Make an exact copy of the whole listing, but leave its pictures out.

### MATERIAL PROVIDED ###

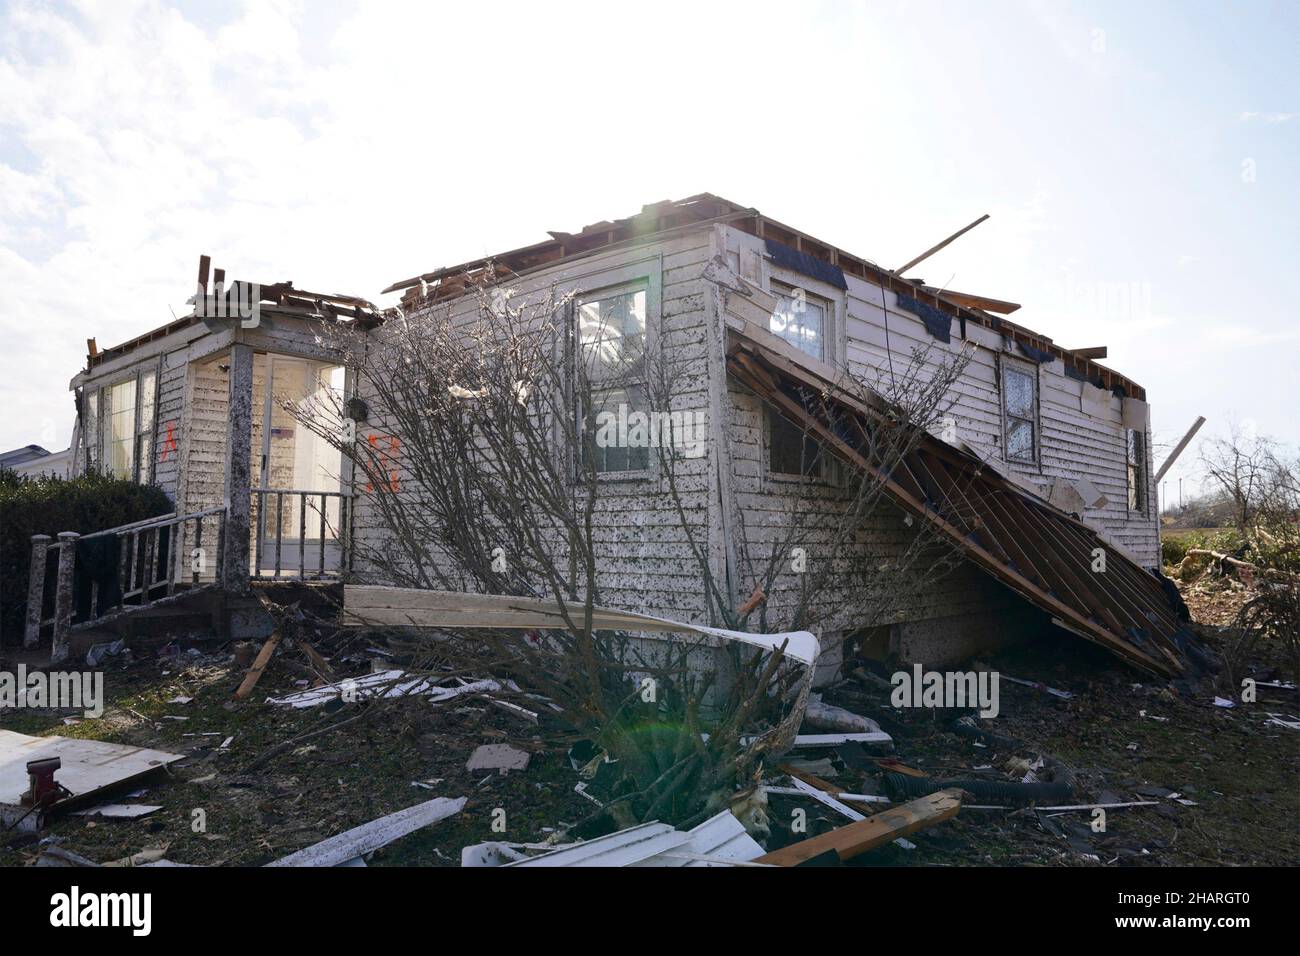 Dawson Springs, United States of America. 14 December, 2021. Debris of destroyed homes in the aftermath of devastating tornadoes that swept across four states destroying structures and killing dozens December 14, 2021 in Dawson Springs, Kentucky. Credit: Dominick Del Vecchio/FEMA/Alamy Live News Stock Photo
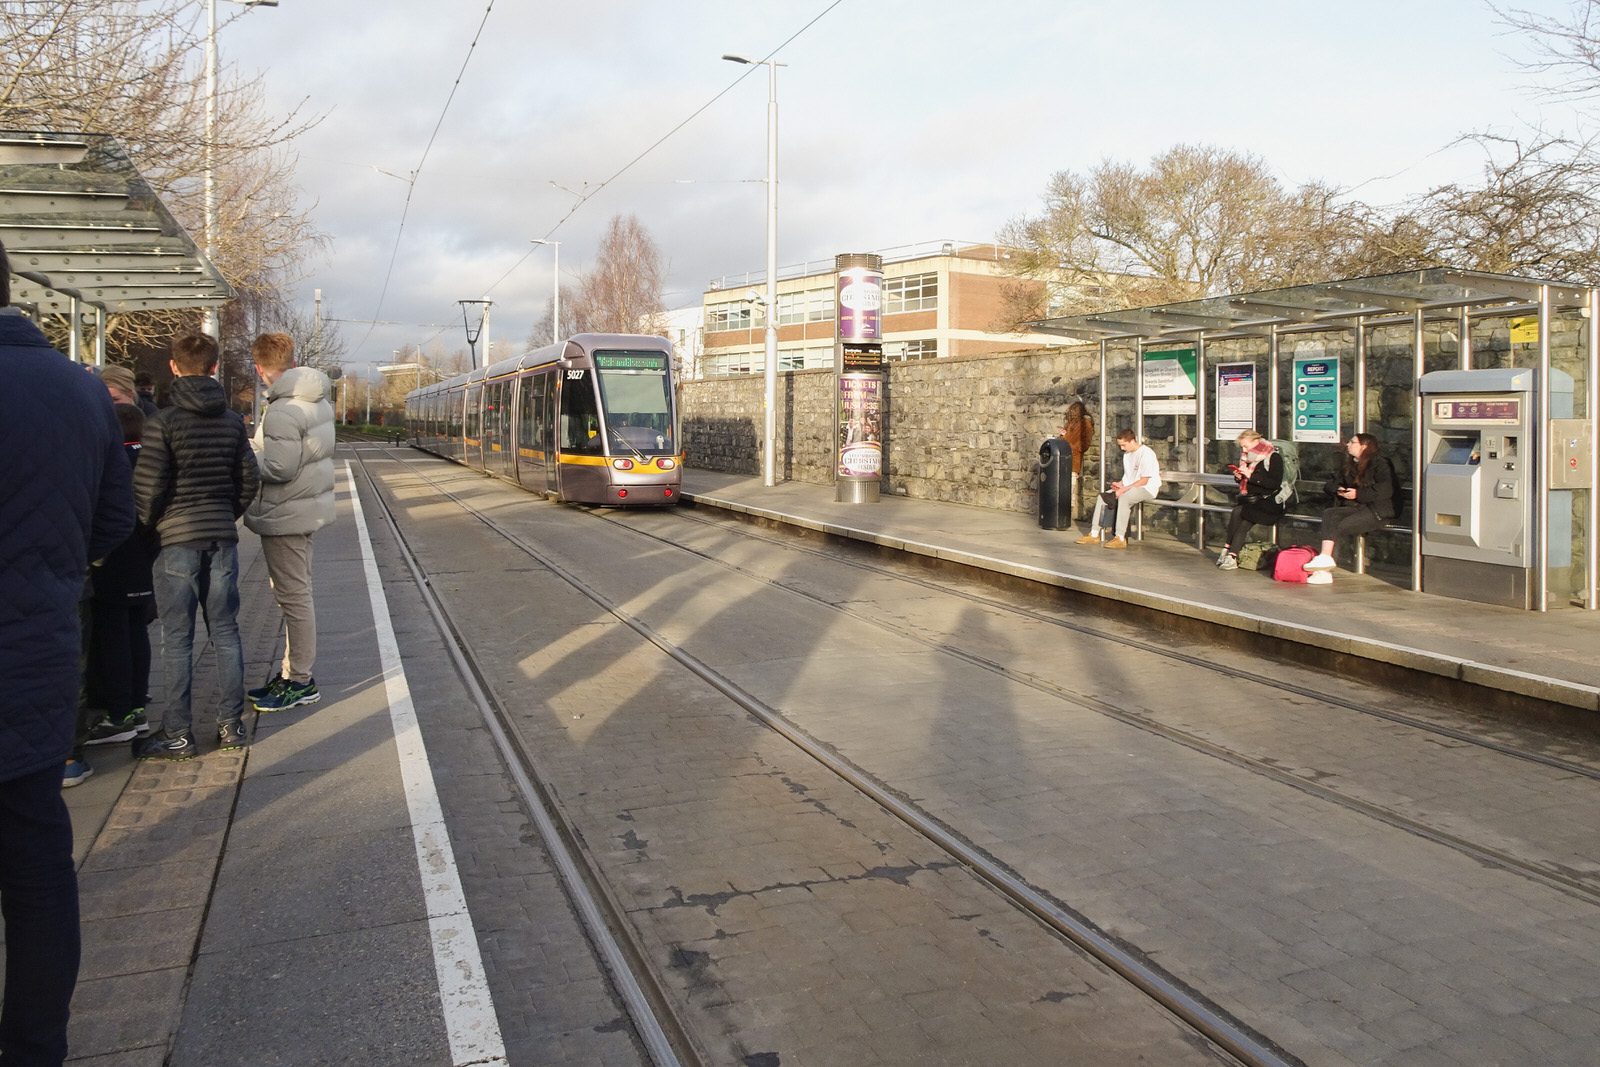 THE MILLTOWN LUAS TRAM STOP A FEW DAYS BEFORE CHRISTMAS DAY [AND NEARBY]-226264-1
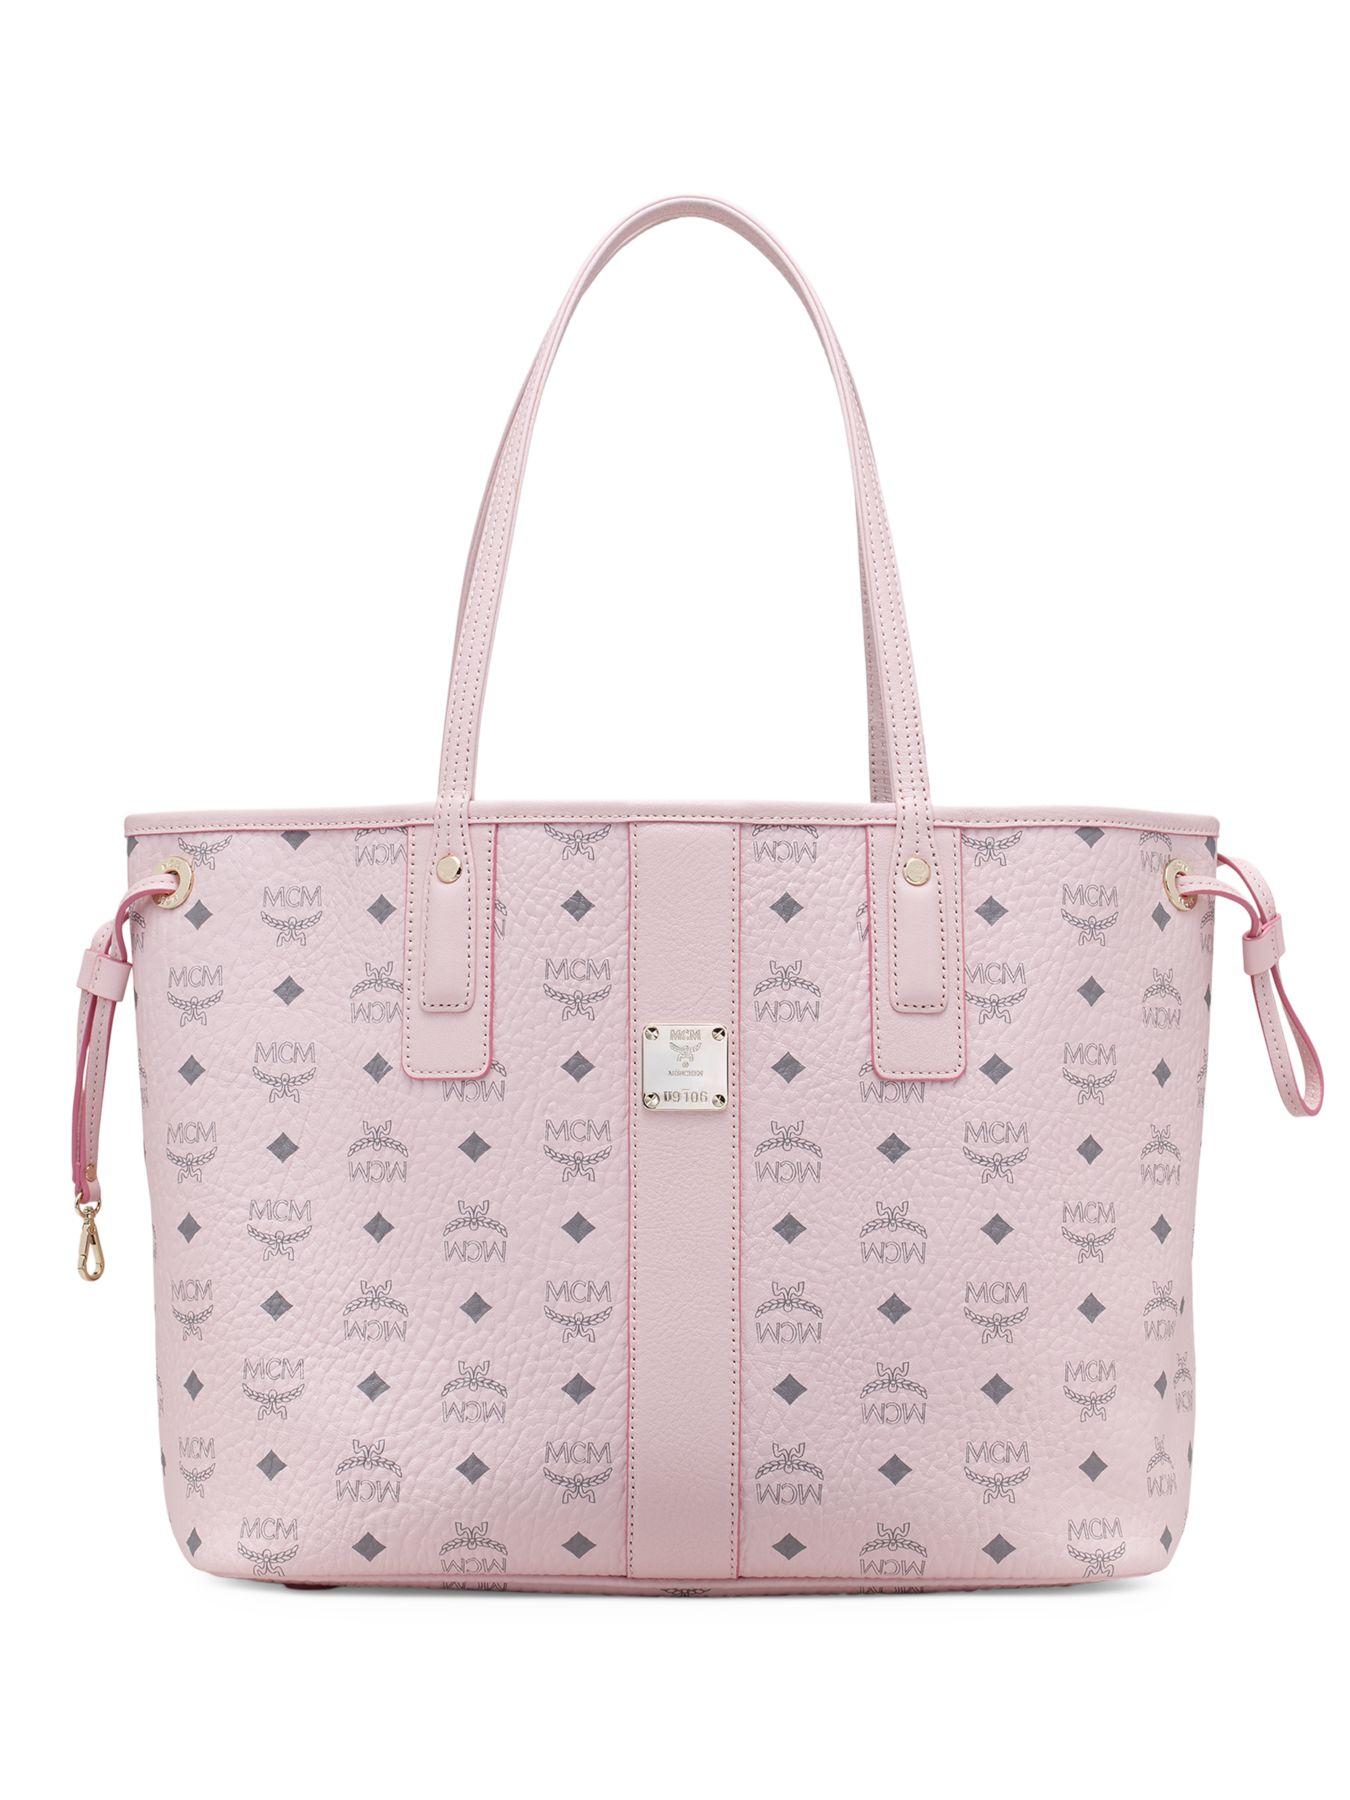 MCM Tote Pink Bags & Handbags for Women for sale
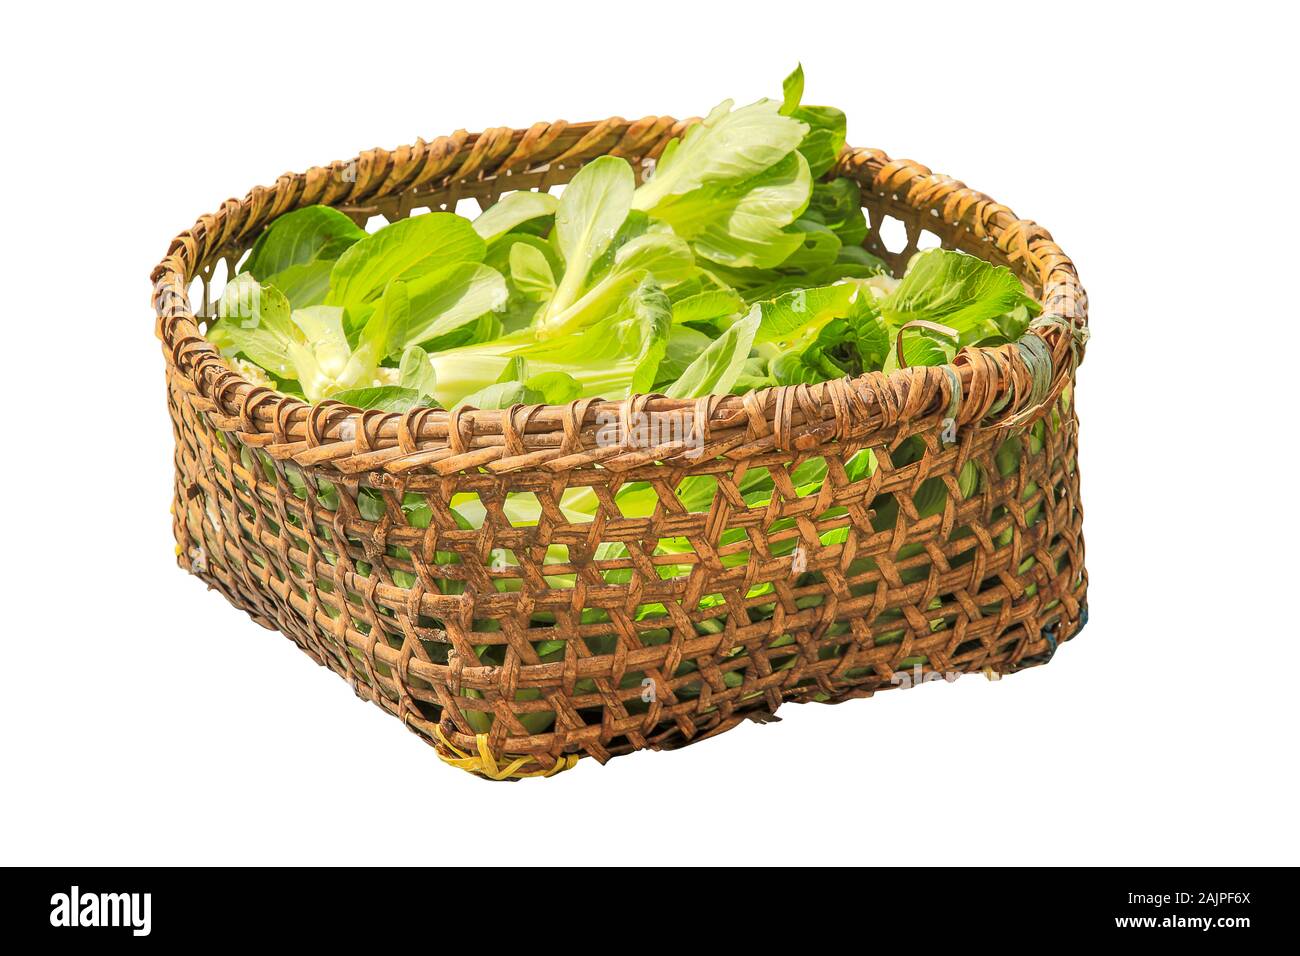 Fresh salad in a wicker basket on a white background. Stock Photo

###

* _ANSWER SECTION_
 Dawson Springs, United States of America. 14 December, 2021. Debris of destroyed homes in the aftermath of devastating tornadoes that swept across four states destroying structures and killing dozens December 14, 2021 in Dawson Springs, Kentucky. Credit: Dominick Del Vecchio/FEMA/Alamy Live News Stock Photo
 THE MILLTOWN LUAS TRAM STOP A FEW DAYS BEFORE CHRISTMAS DAY [AND NEARBY]-226264-1
 MCM Tote Pink Bags & Handbags for Women for sale
 Fresh salad in a wicker basket on a white background. Stock Photo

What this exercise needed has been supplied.